— What is needed —
When you copy the data, keep every word exactly as it is and leave the pictures out.

— Source material —
--------------------------------------------------

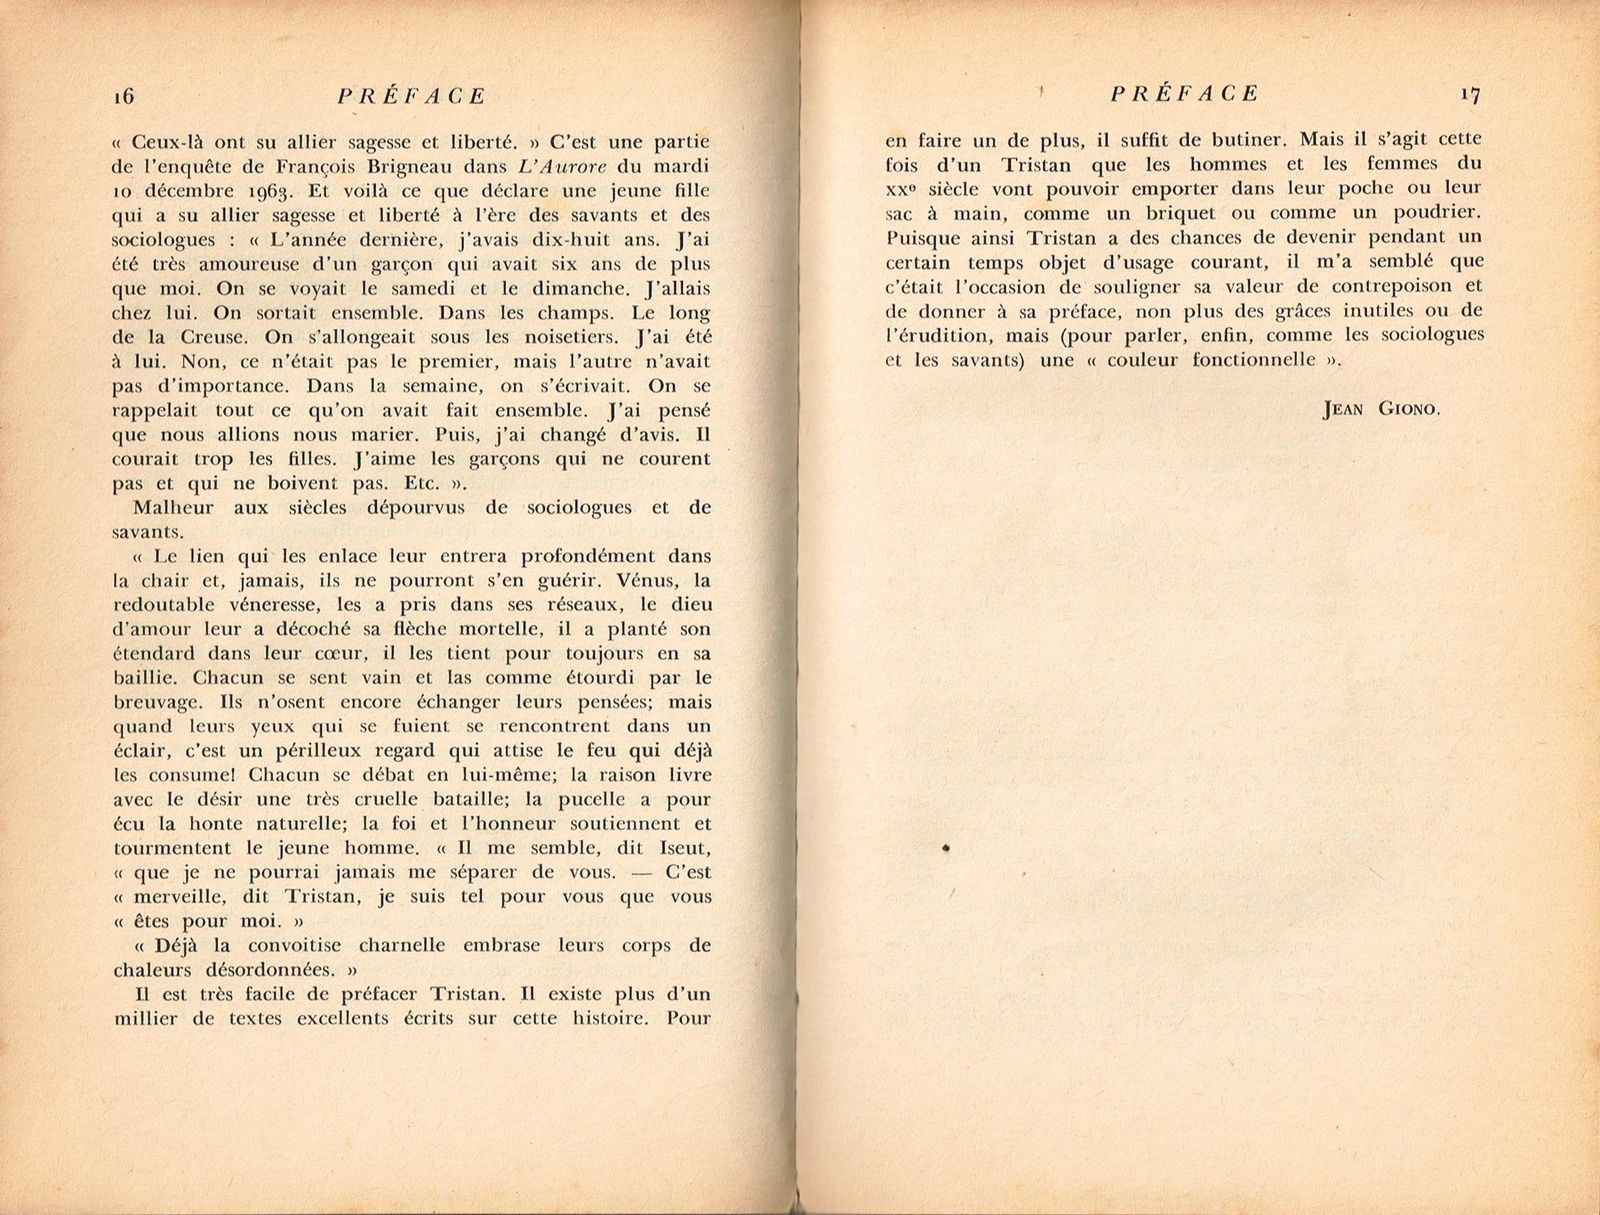 &quot&#x3B;Les temps ont changé&quot&#x3B;... Préface de Jean Giono à Tristan et Iseut (1941)
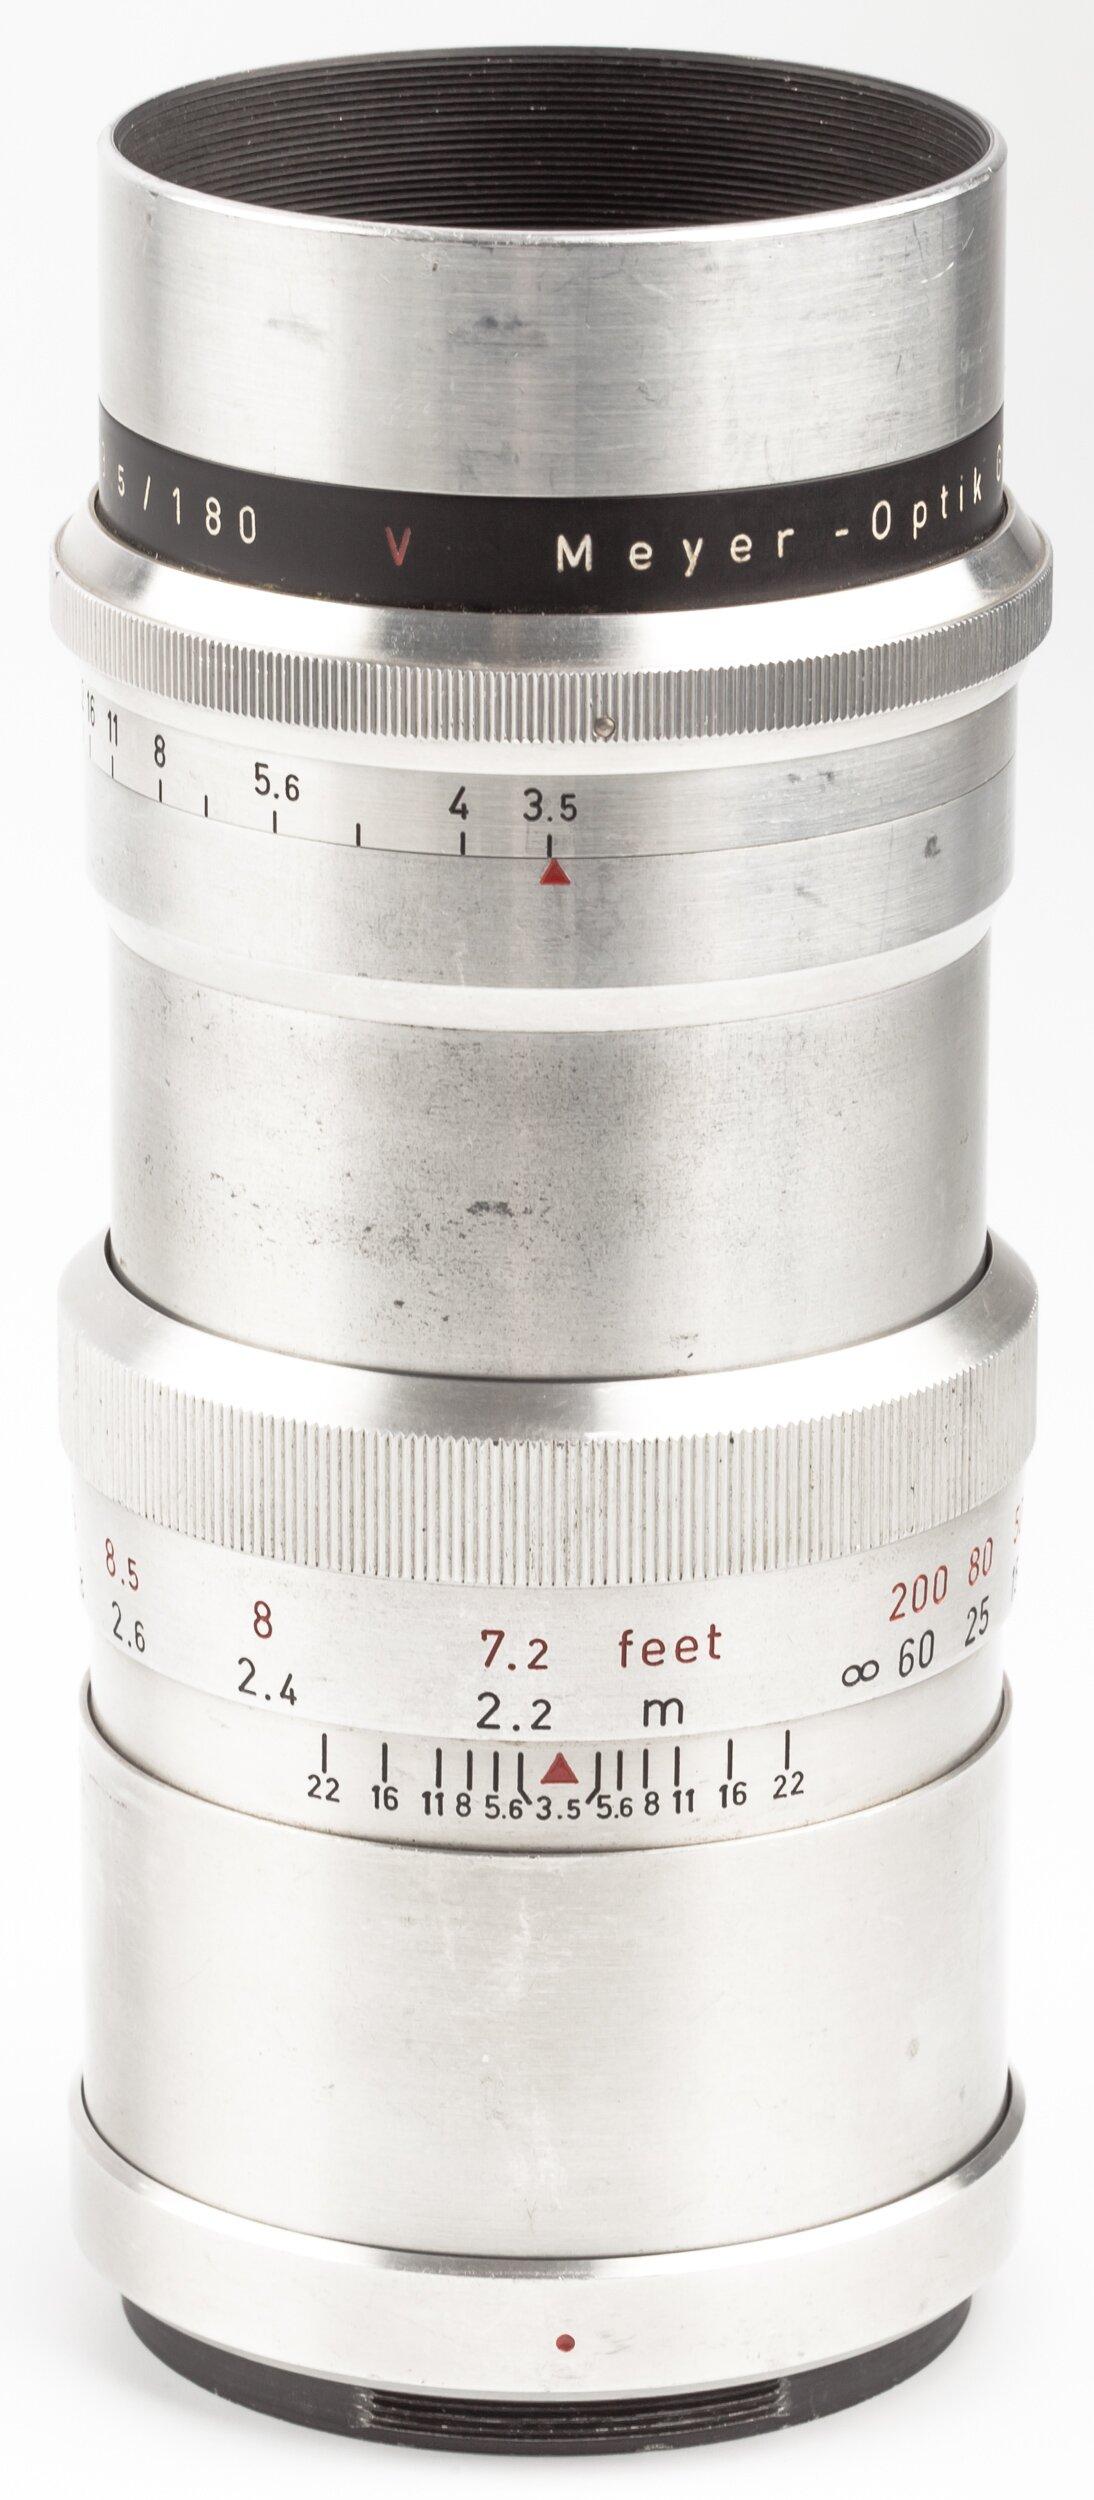 Meyer f. Primarflex 180mm 3,5 Primotar
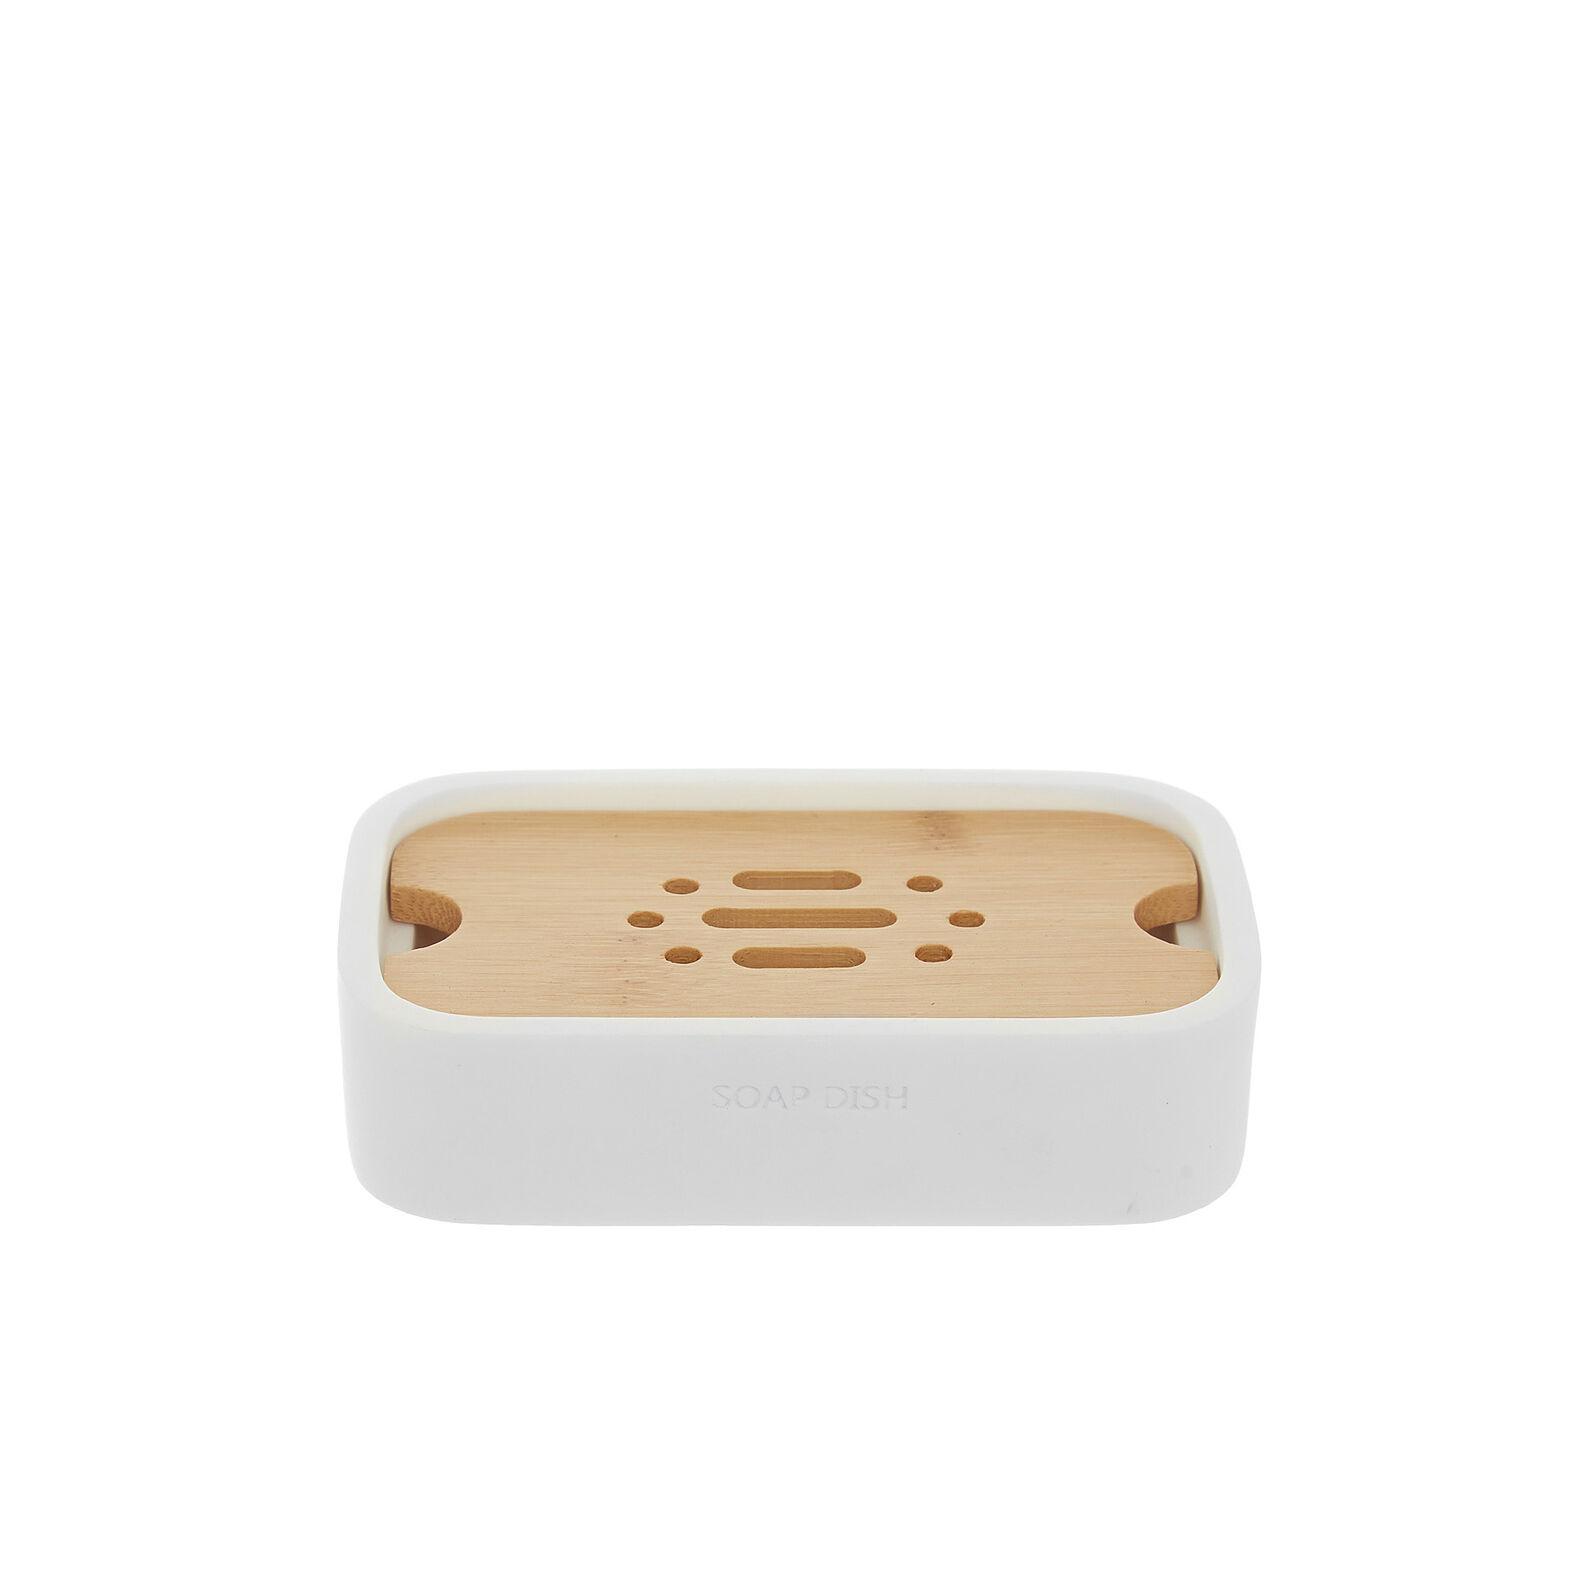 Portasapone dettaglio in bamboo Linea

--------------------------------------------------

— Result below —
 &quot&#x3B;Les temps ont changé&quot&#x3B;... Préface de Jean Giono à Tristan et Iseut (1941)
 Meyer f. Primarflex 180mm 3,5 Primotar
 Portasapone dettaglio in bamboo Linea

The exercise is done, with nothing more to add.